Stories are funny things. Character, setting, and plot get all twisted together to create something magical, capable of transporting the reader out of the present and into some fictional place of curious make-believe. It’s a fickle process, too. Books that shouldn’t work can sometimes turn out to be biggest craze of the season. Other times, an author can do everything right–taking due care with the plot, the characters, the setting–only for it to fall apart when brought together.
When the art of storytelling takes on a mystique of its own, the process just as magical and curious as the product itself, it is perhaps no wonder that some might wish to make a case study out of it. From those case studies, we get the likes of Cloud Atlas (David Mitchell), Starless Sea (Erin Morgenstern), and If on a Winter’s Night a Traveler (Italo Calvino), the last of which was the spark for this idea.
In this post, we’ll discuss the structural format of the above books. We’ll consider what conclusions can be reached about storytelling as a result of the abnormal format, and what these conclusions might tell us about the art of storytelling even for books that are told in their more traditional, straightforward form. Warning: spoilers abound.
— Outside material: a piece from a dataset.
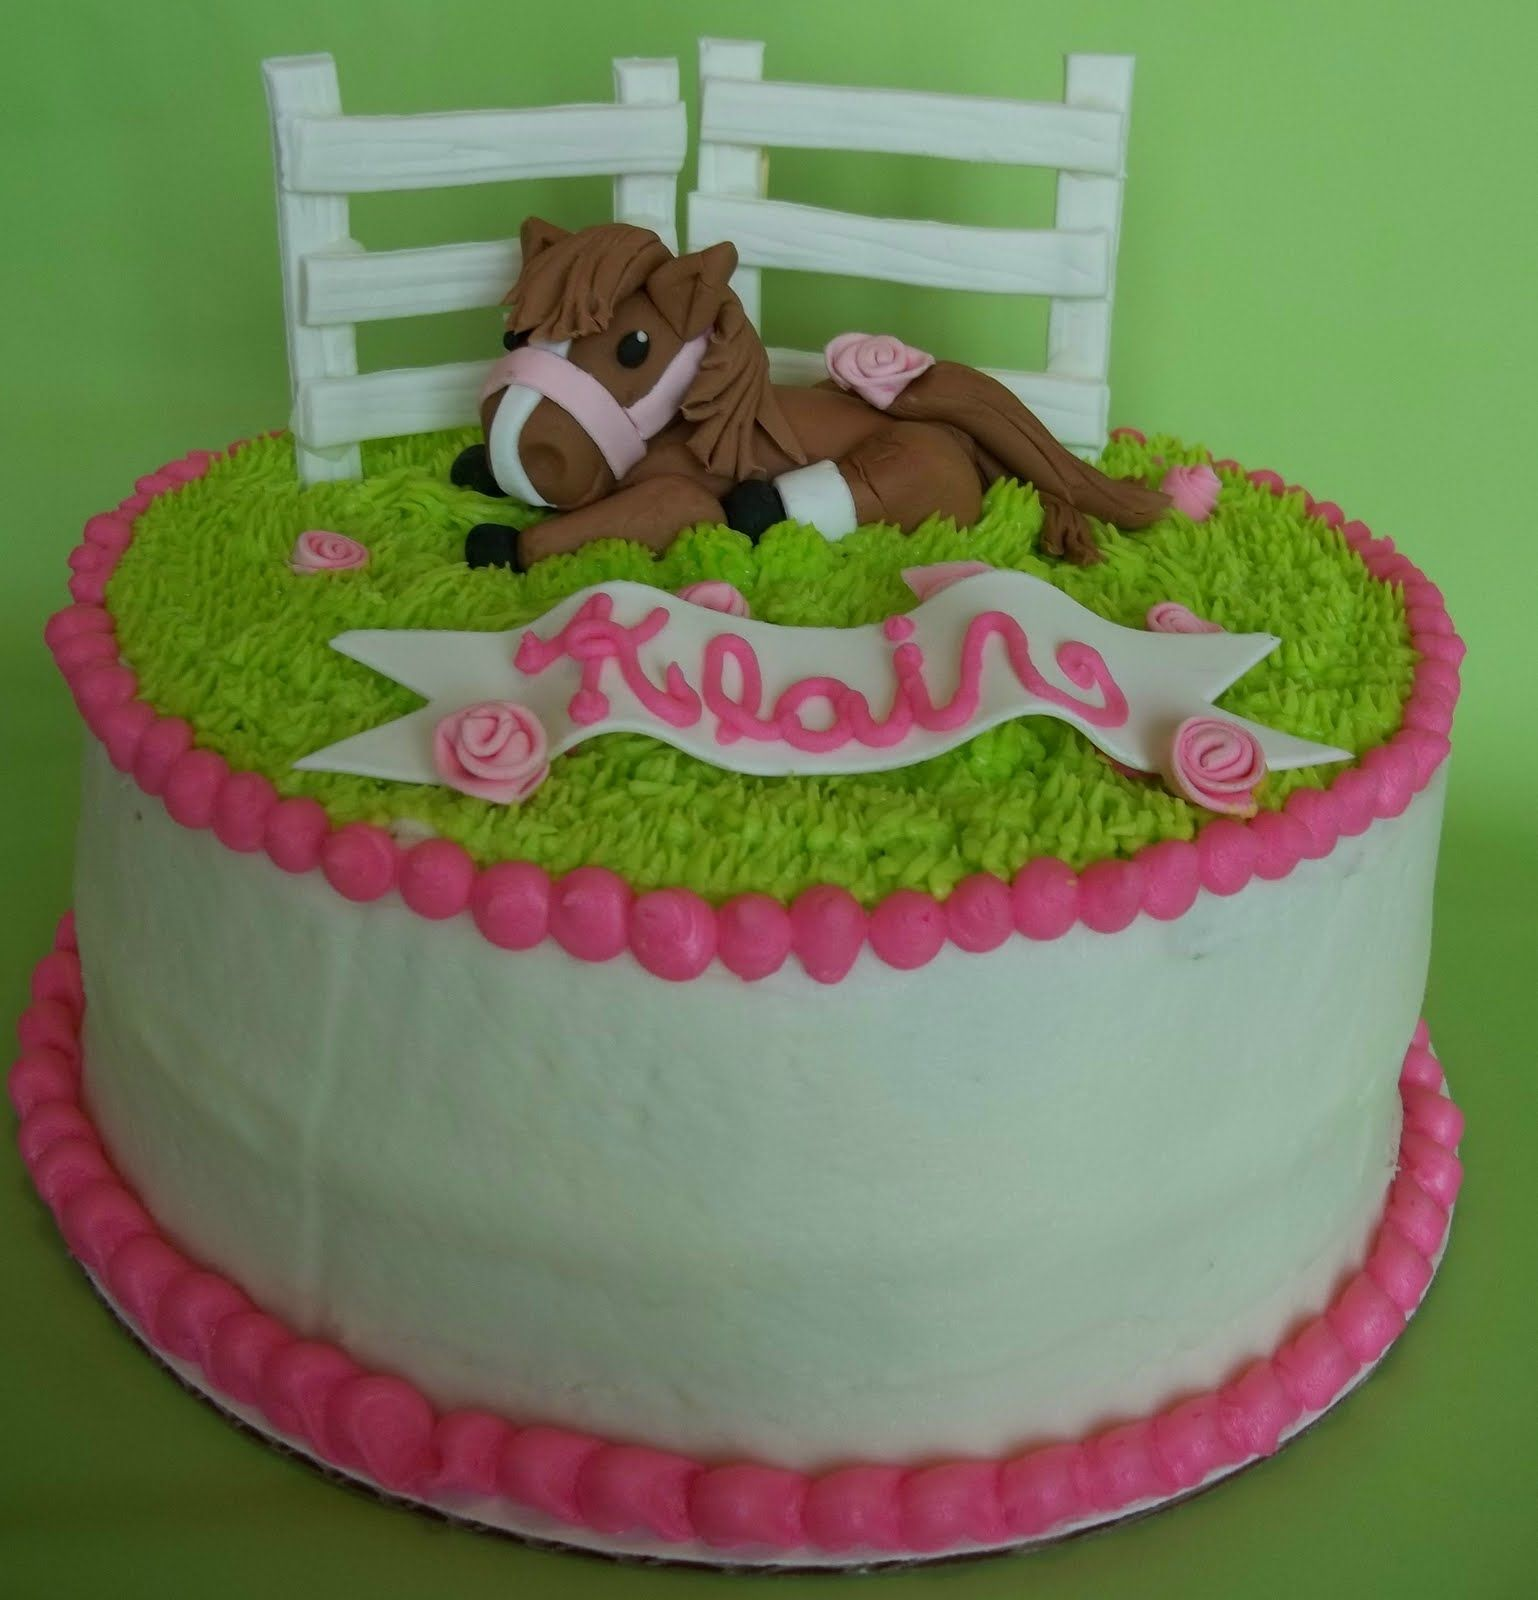 Zebra Themed Cake Turned Horse Sale Horse Cake Horse Birthday

If you’re not planning on reading these books, or if you have already, you should be fine, but I will be discussing overall themes, and that will include at least a few major spoilers.

Book Overviews
Starless Sea follows Zachary Rawlins, who stumbles across a book of short stories and is surprised to find that one of them is about a scene of his own life, on that no one else could possibly know about. This leads him on a quest to the Starless Sea, a fantastical place full of magic and mystery, pirates and star-crossed lovers… the place in which all stories come from. The book is divided into six parts, and in addition to the overall narrative, each part offers snippets of a fictional book of stories, many of which seem to be of a fantastical nature until later on in the story, where their relevance is revealed.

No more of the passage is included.